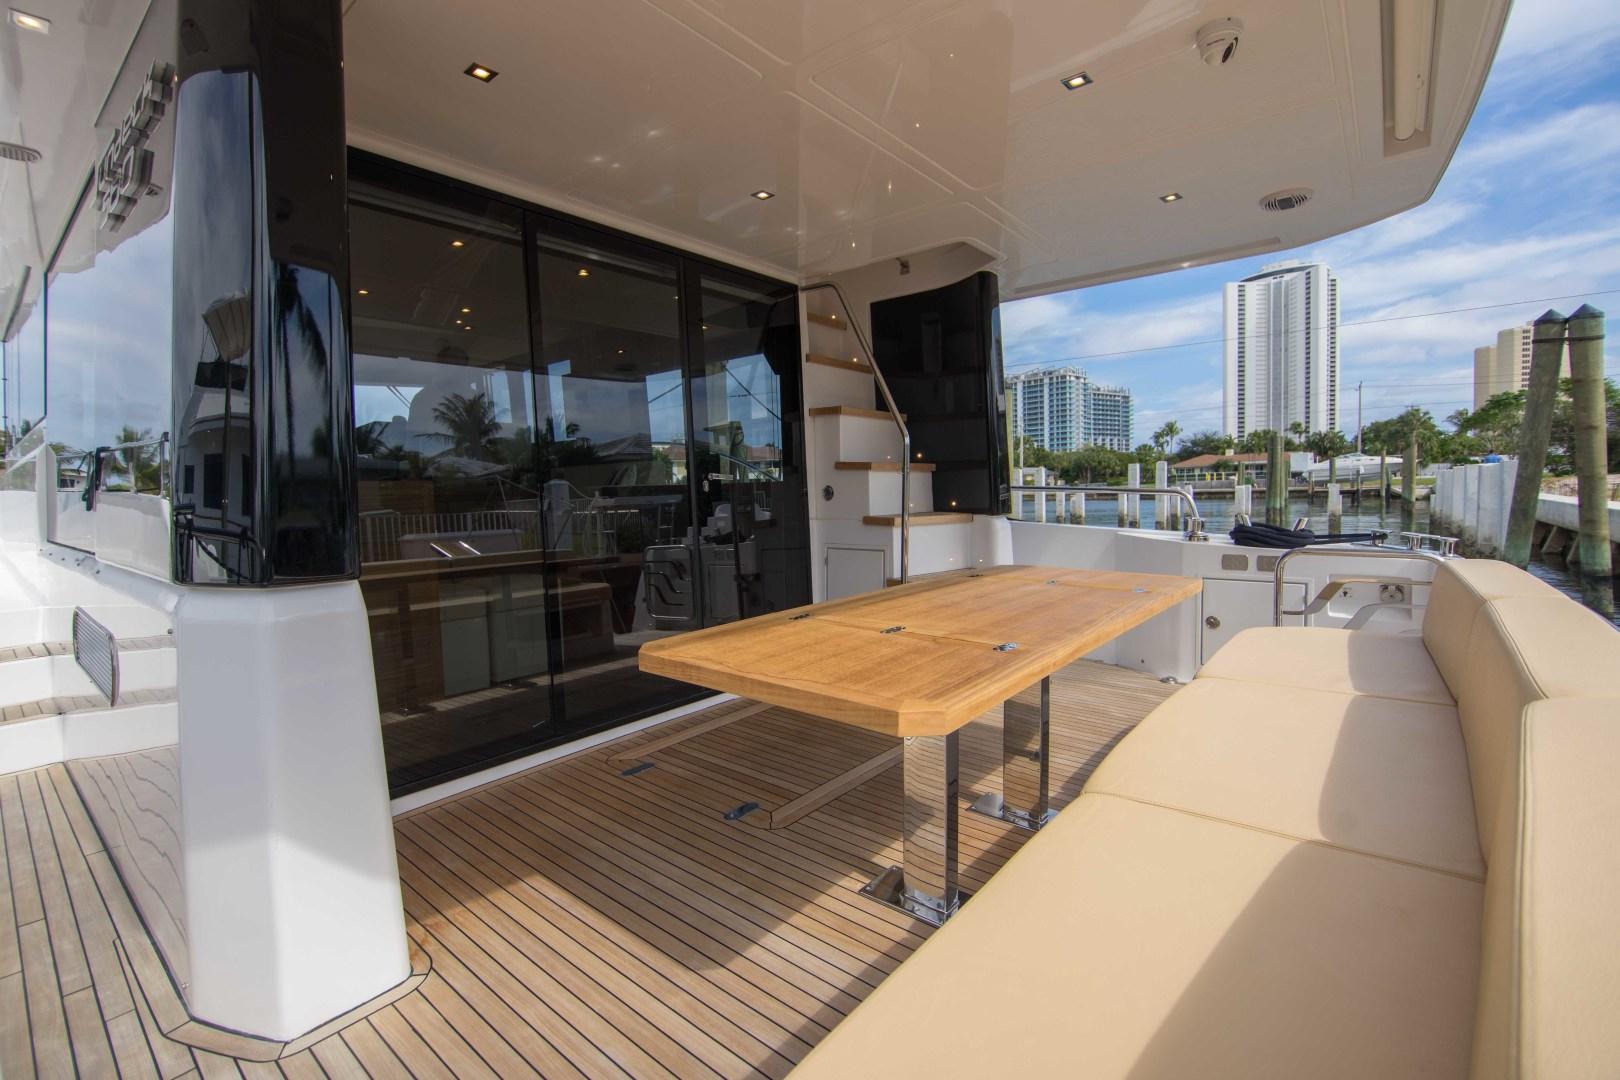 Sundeck-58 Sport 2019-LJ IV Singer Island-Florida-United States-Aft Deck-1373062 | Thumbnail
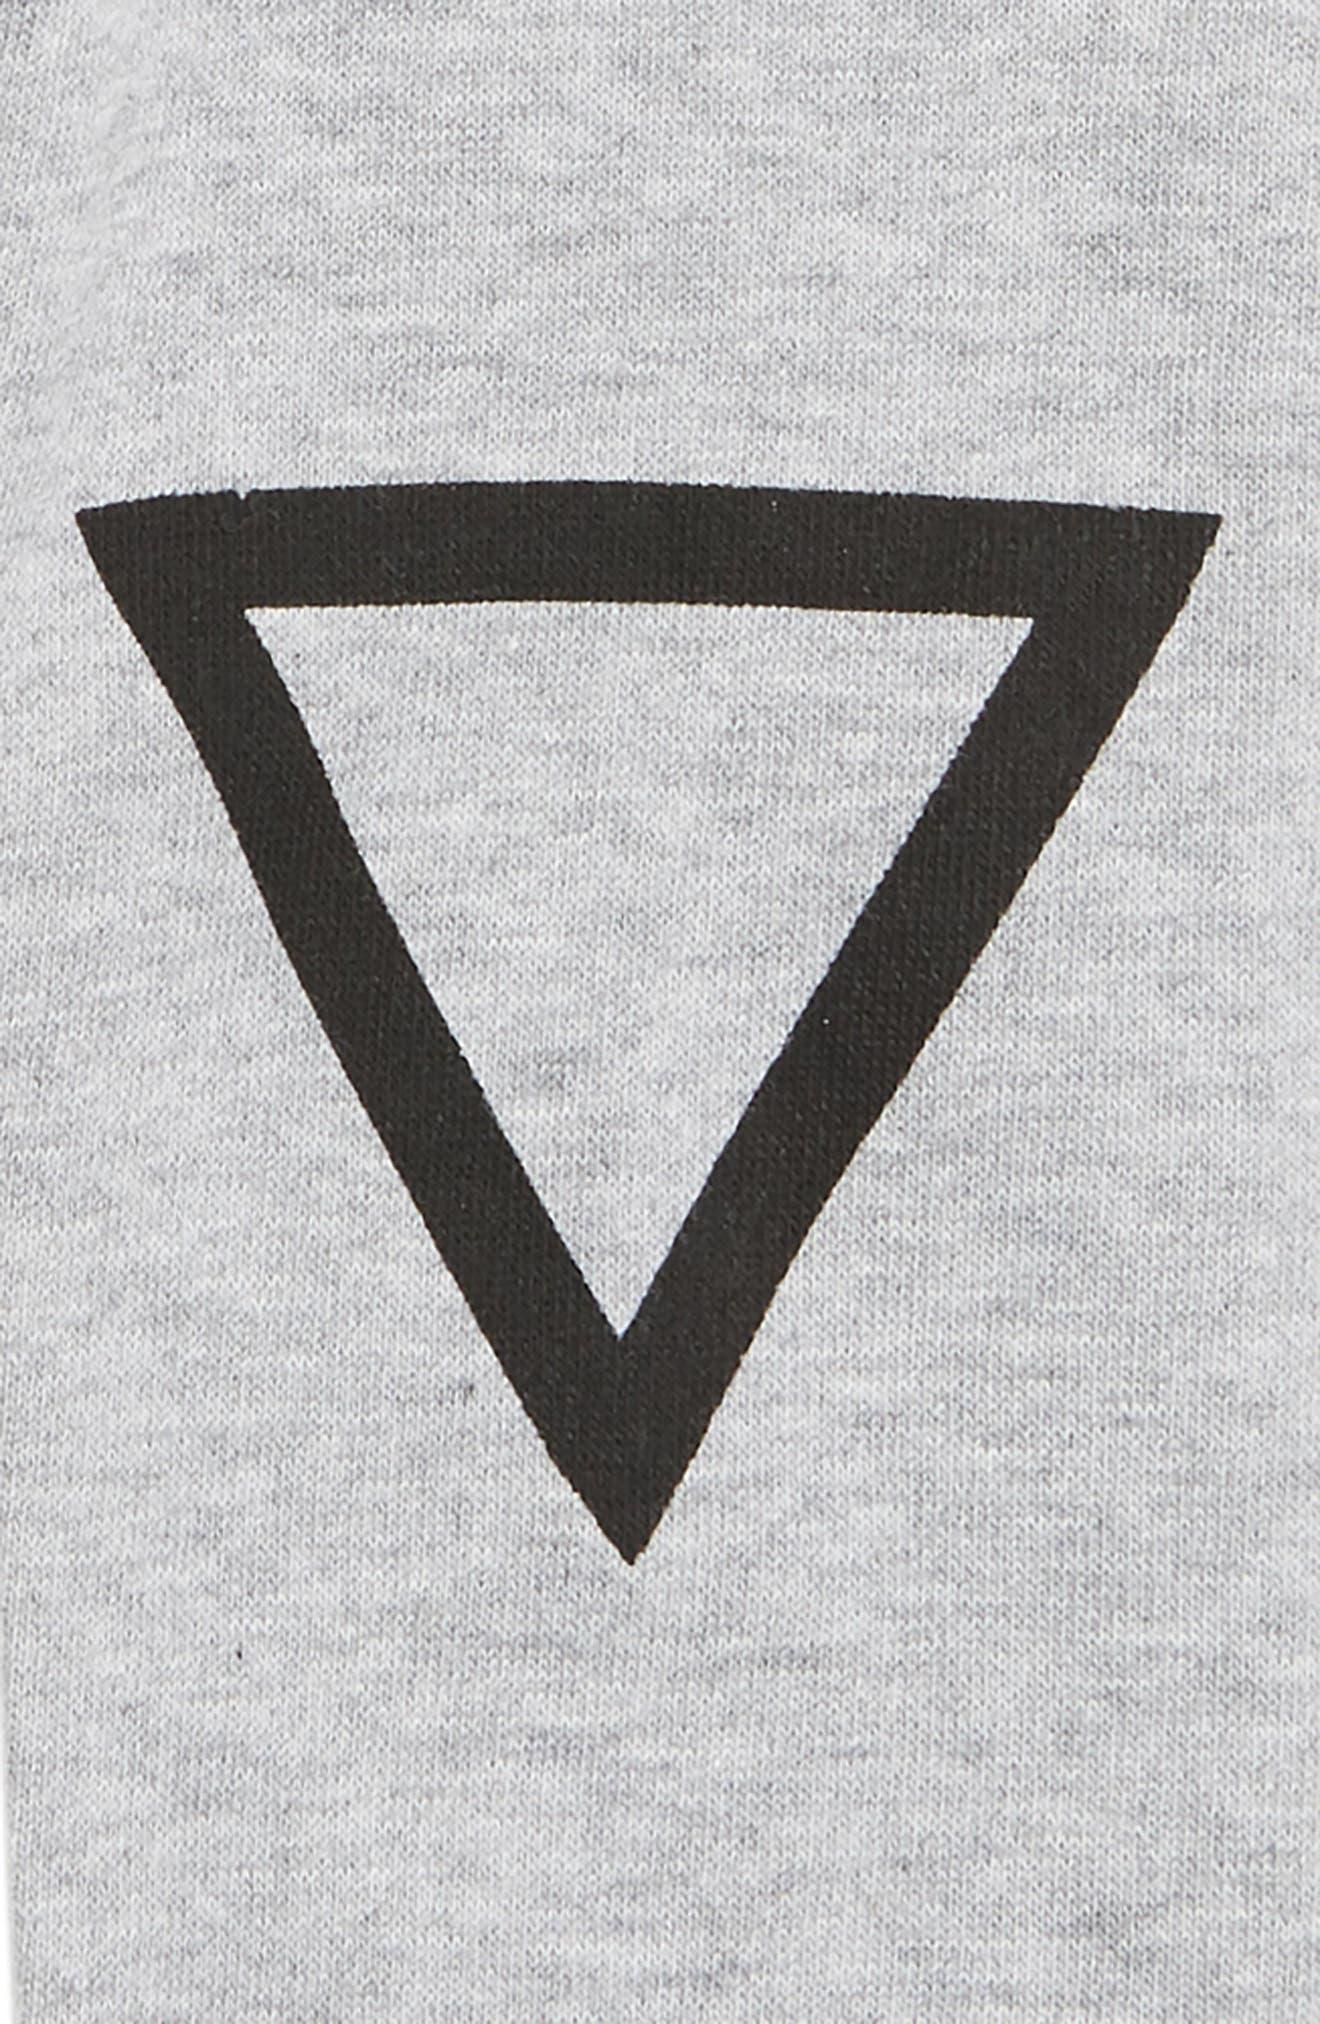 Triangle Sweatpants,                             Alternate thumbnail 3, color,                             001
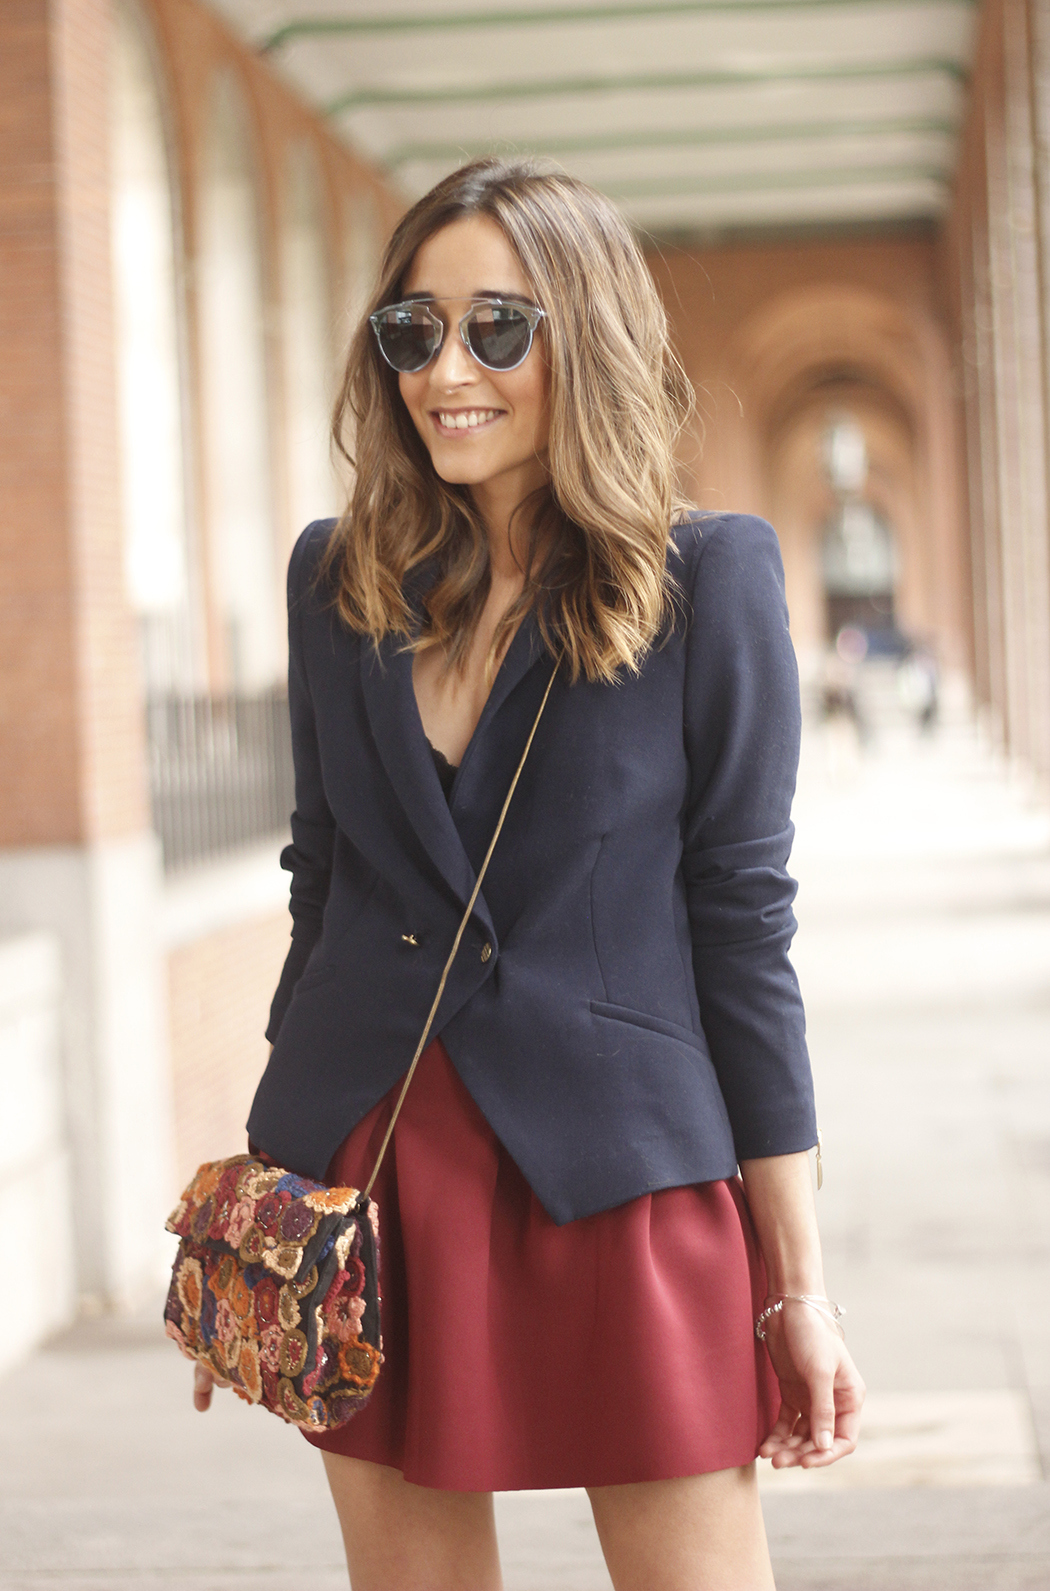 Blue Blazer Burgundy Skirt Outfit11

◆ ◆ ◆

What to do
Could you retype each line of the material above exactly, skipping the pictures?

Written solution
 Sundeck-58 Sport 2019-LJ IV Singer Island-Florida-United States-Aft Deck-1373062 | Thumbnail
 Triangle Sweatpants,                             Alternate thumbnail 3, color,                             001
 Blue Blazer Burgundy Skirt Outfit11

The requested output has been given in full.